*** Working data Section Begins ***
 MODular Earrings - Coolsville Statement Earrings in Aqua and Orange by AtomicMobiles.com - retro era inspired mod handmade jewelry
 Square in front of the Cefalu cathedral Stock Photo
*** Working data Section Ends ***
*** Working data Section Begins ***
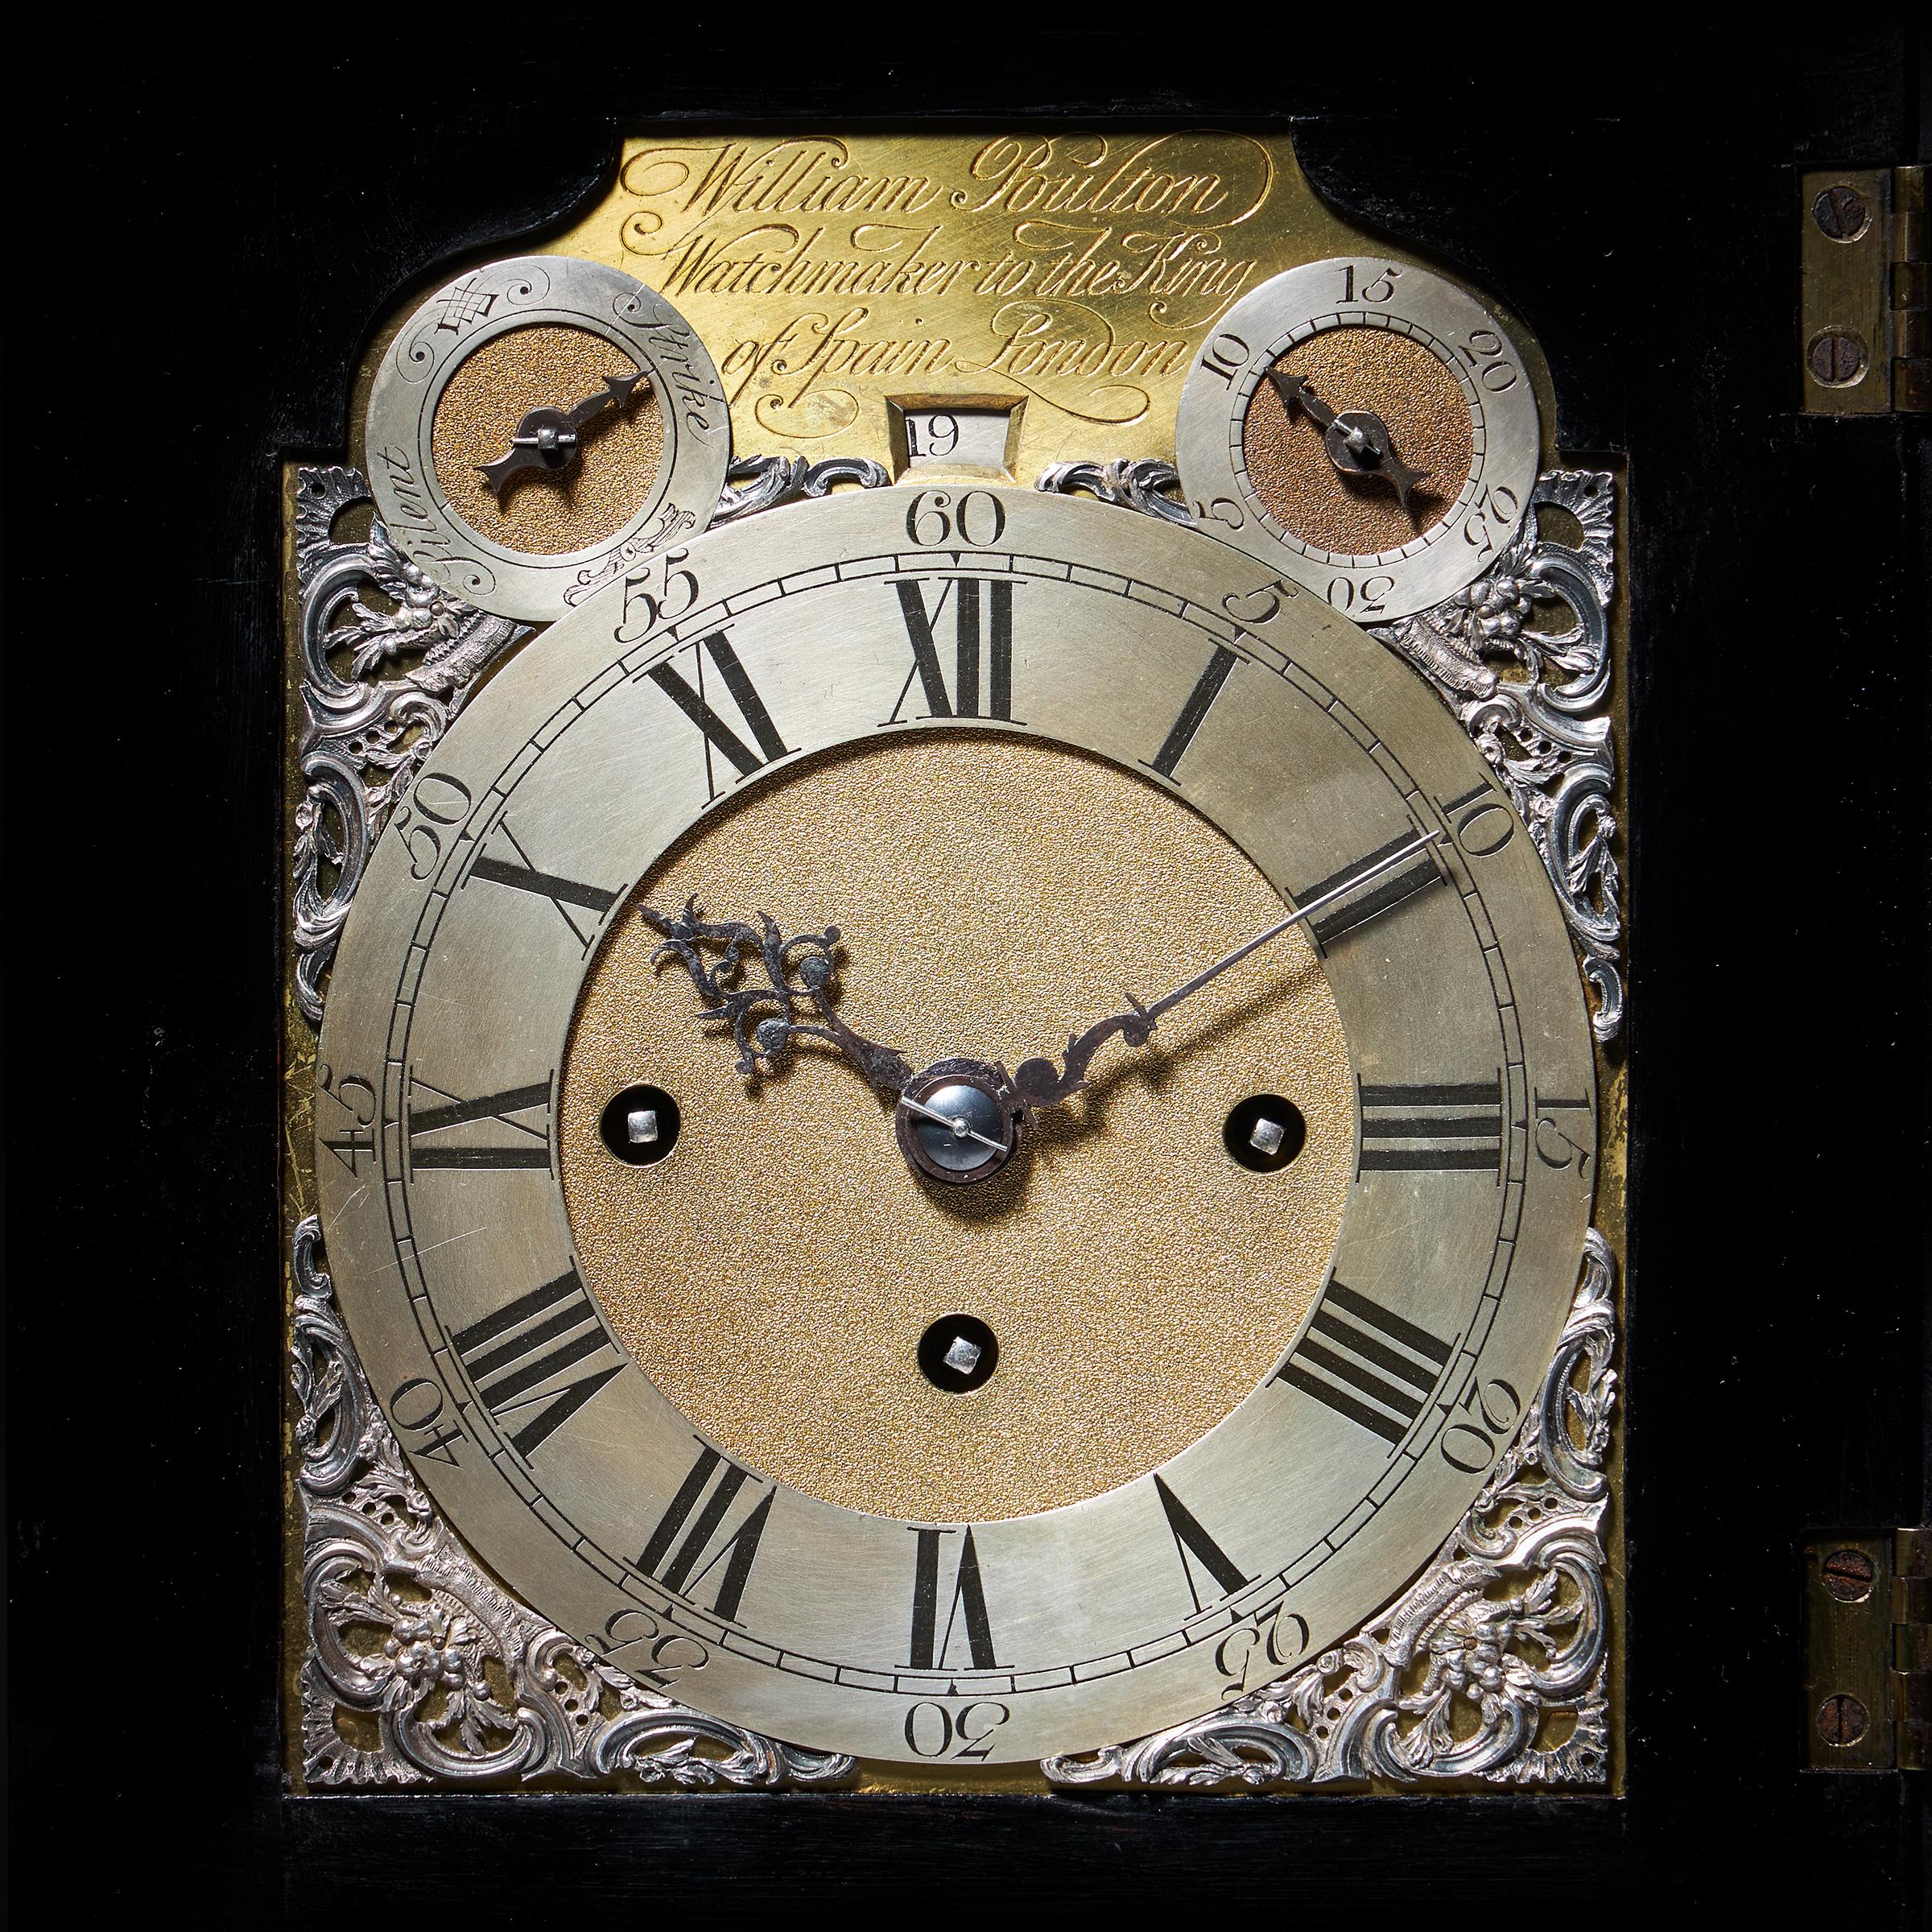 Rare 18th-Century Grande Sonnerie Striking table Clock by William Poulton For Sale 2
*** Working data Section Ends ***
In the entries above, restate word for word the lines between the one holding "MODular Earrings - Coolsville" and the one holding "Square in front", inclusive, and nothing besides.

 MODular Earrings - Coolsville Statement Earrings in Aqua and Orange by AtomicMobiles.com - retro era inspired mod handmade jewelry
 Square in front of the Cefalu cathedral Stock Photo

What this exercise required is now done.